Category Archives: oddness

Odd Thoughts

This weekend as I was mowing the lawn, I pondered the question of what, if anything, plants think. It is a common theme in speculative and science fiction that plants have thoughts. Generally, plants like trees are pictured as having deep and ponderous thoughts while weeds are pictured along the lines of the flitting hummingbird with short and frivolous thoughts. My suspicion is that both ideas bear more than a trace of anthropomorphism. So my question to ponder was: “What do the flowers on a lilac bush think?”

This chain of illogic was brought on by the sight of the dried and sere remnants of the flowers on the lilac bush in the back yard. Like all lilac species, the blooms on my bush last only for a few short weeks in the spring. During that time they are present in profusion with a wonderful and powerful aroma. However, by this weekend, they were mostly brown shells with somewhat less than one out of a thousand little blooms still living. So the question that came unbidden to my mind was what the one still growing bloom in a bundle of flowers on the plant was thinking. Was it celebrating the life of its brothers and sisters now departed? Was it living in fear that it too would soon pass from this world? Or was it soaking up the last of the sun’s rays as it ended its brief life?

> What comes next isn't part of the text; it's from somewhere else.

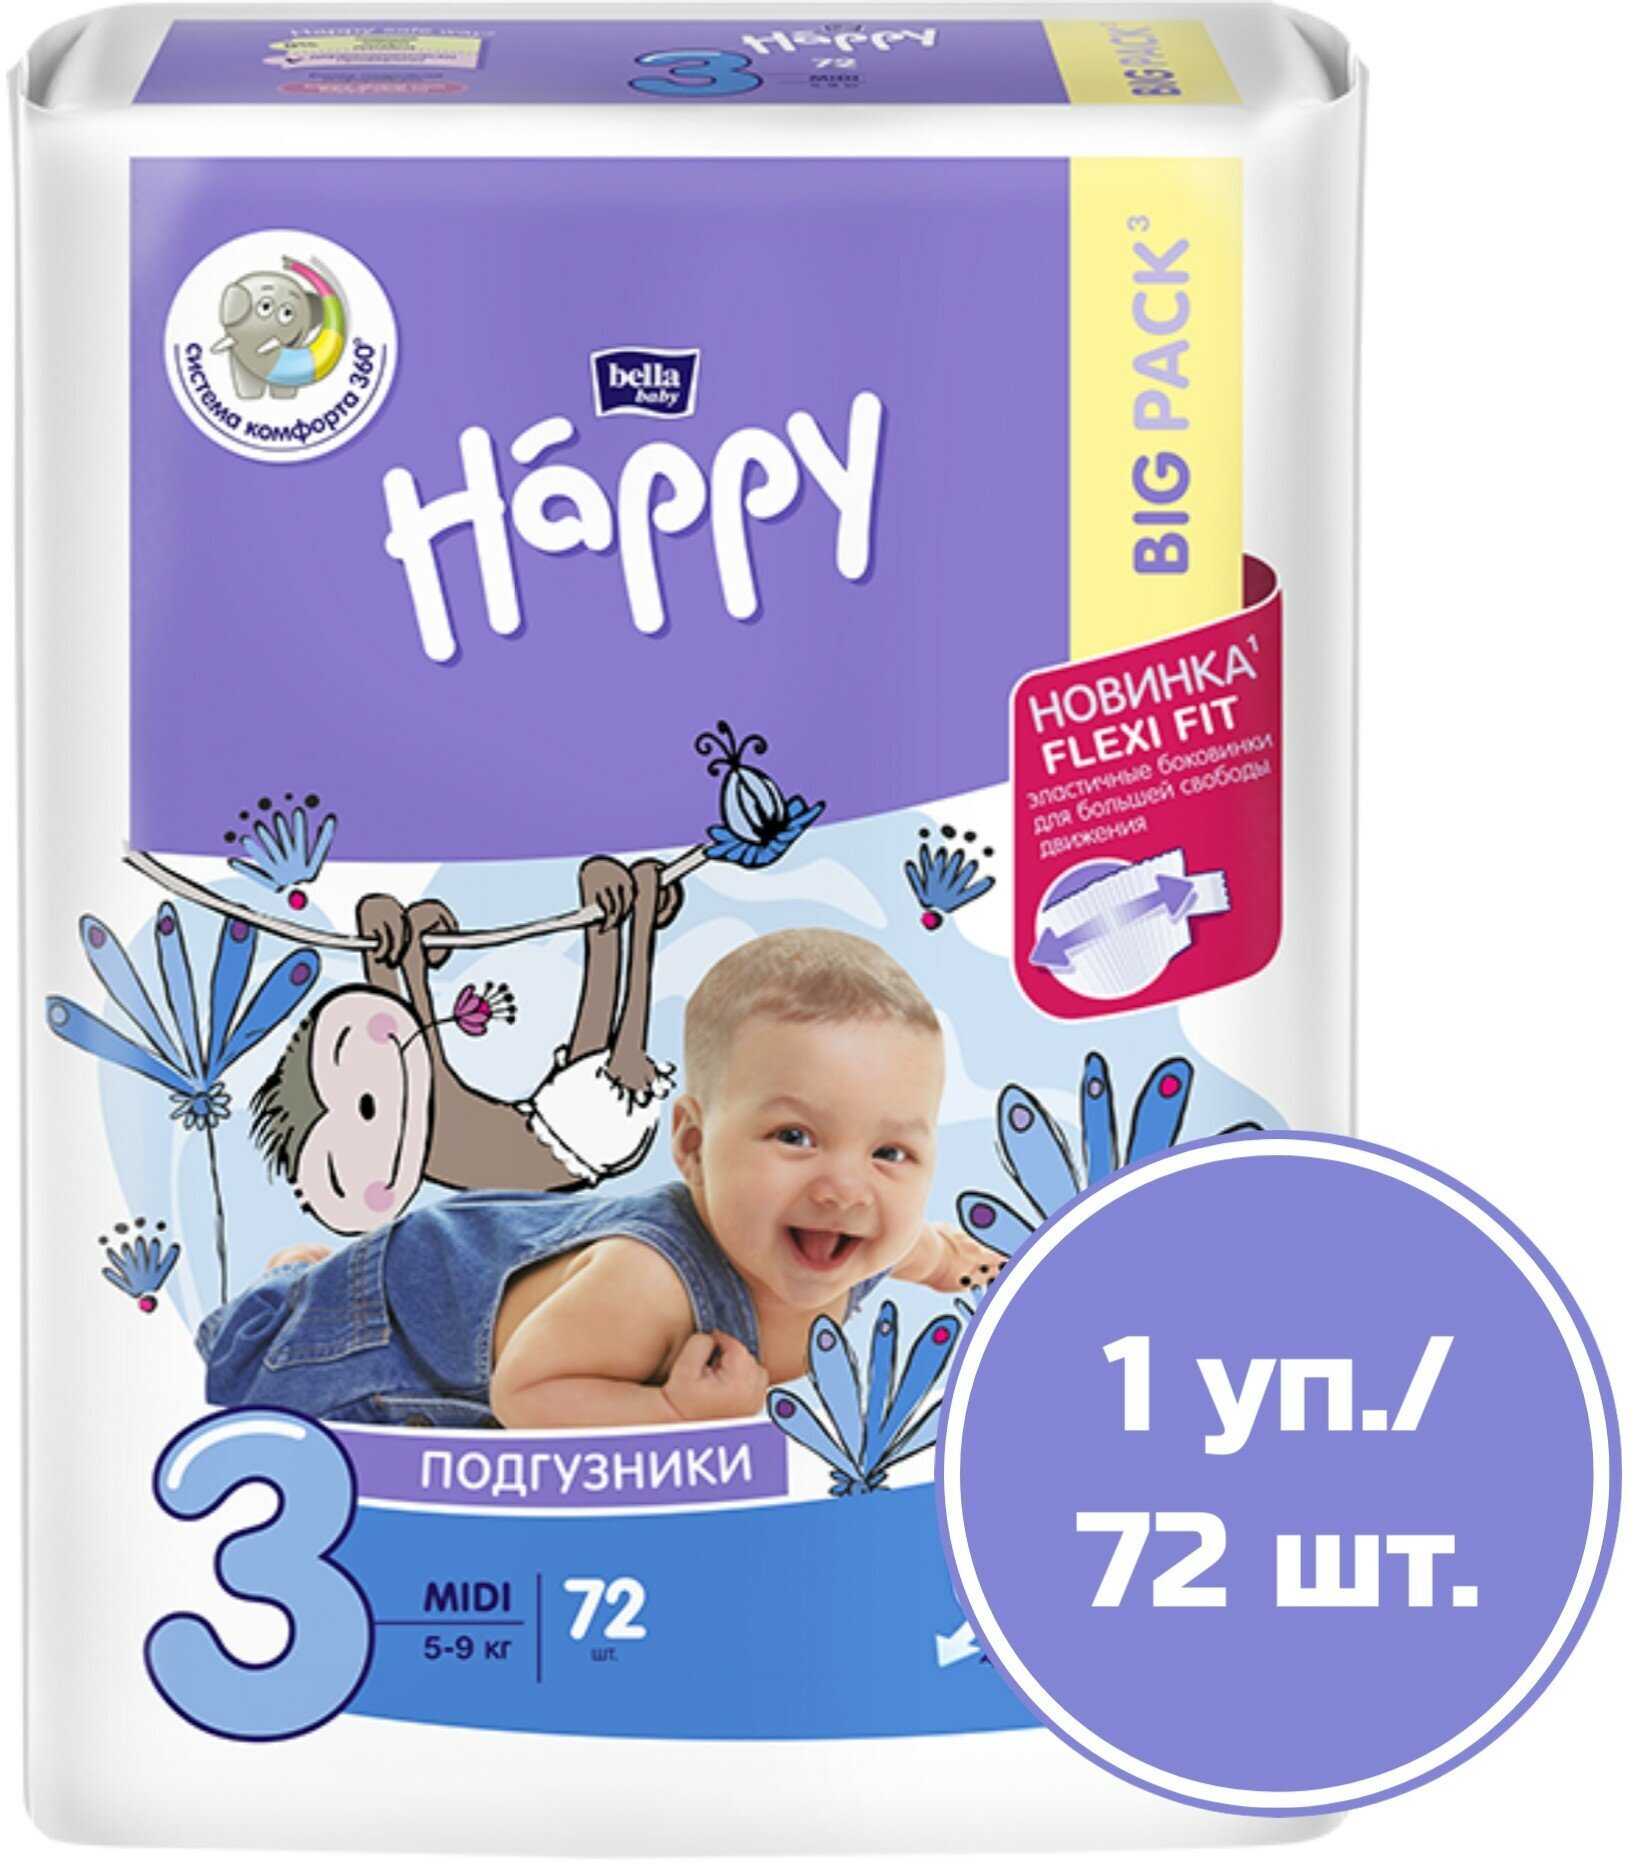 bella baby Happy Подгузники детские "bella baby Happy" Midi, 72 шт./уп., вес 5-9 кг

What kind of thoughts would go through your mind if you had to watch all your brothers and sisters die in a short span, but you were still hanging on like that lonely flower? I could picture all kinds of mental reactions. The real problem I had is that it is truly hard to escape the prison of our own anthropomorphism and attribute really different thoughts to the plant. Or to put it in the converse, it is really hard to think of a possible thought for the flower that has not already been expressed by or about some human being.

So I’ll ask you – what do you think was going through the mind of the poor surviving flower? You can assume that the flower had a mind. I’m willing to grant that as a given. Call me a throwback to all the funky Russian journals full of Kirlian photography from the 60’s claiming to see plants thinking. Or just call it a topic to consider. And please don’t tell me it was thinking of schemes like those that fill my spam folder. I figure only humans are that depraved and gullible. {*grin*}

Comment Moderation?

As I travel the blogosphere, I am puzzled by those blogs that moderate the comments. It is curious to me that some people feel that they have to moderate the comments and others just have the standard minimal captchas as a machine generated spam weeder. It seems to bear no relationship to the volume of visitors or number of comments or any other visible causative agent. So that of course left my mind running through the possible reasons that an author would chose to moderate the comments. I can understand perfectly the need for private blogs, etc. It’s just the comment moderation that seems a bit odd.

The very first possibility that came to mind was the simple prevention of machine based comment spamming (otherwise know as botnet attacks). That seems suspect because I haven’t yet seen any raw spamming of an unmoderated blog that has reasonable captcha authentication. I have even seen a couple of sites that have no captcha requirement, but simply put up an error message every time a comment is posted, forcing the comment author to re-submit the comment before it is accepted. It would seem that such sites would be extremely vulnerable to spamming, but I have not seen hints of it happening yet. Maybe the time delay to re-submit is enough to deter the machine spammers.

The next possibility that came to mind was cyber-stalking activity. People being stalked on the internet might feel vulnerable to allowing comments from the stalker to appear on the blog, implying a relationship that does not exist in reality. The problem with that hypothesis is that anyone being seriously cyber-stalked has probably moved the blog private so they can control who is reading what.

Then of course there is the possibility that they are simply trying to avoid offensive comments. But that would seem to fall under the same category as the first possibility. It also seems if it was going to be a real problem, it should have been apparent on the blogs which are not moderated (even some of the sex related ones which would be the obvious target). The only way this idea makes sense is if certain posters draw certain types of commentators. I suppose this is possible.

Another thought that came to mind was the need of some people to be in absolute control of their environment. I.e. in words of the vernacular, they are control freaks. I cannot think of any reasonable refutation for this possibility.

Along similar lines is the fear of the possibility of disagreeable comments, be they pornographic, spammish, whatever. Just the fear that it might happen could be bad enough to tempt some people to turn on the moderation button.

The final possibility that comes to my mind is the presence of one or a small group of people with a target relationship to the blog author that have been problematic in the past. This could include the Ex from h*ll that leaves bitter and vituperative comments, the former friend that just wants to snipe, you name it. This actually seems like a reasonable cause for moderation.

I’ll close with a request of those of you who read this blog: why did you decide to either moderate or not moderate your comments? Were any of my guesses close to the mark? Am I just an insane idiot? No wait! don’t answer that!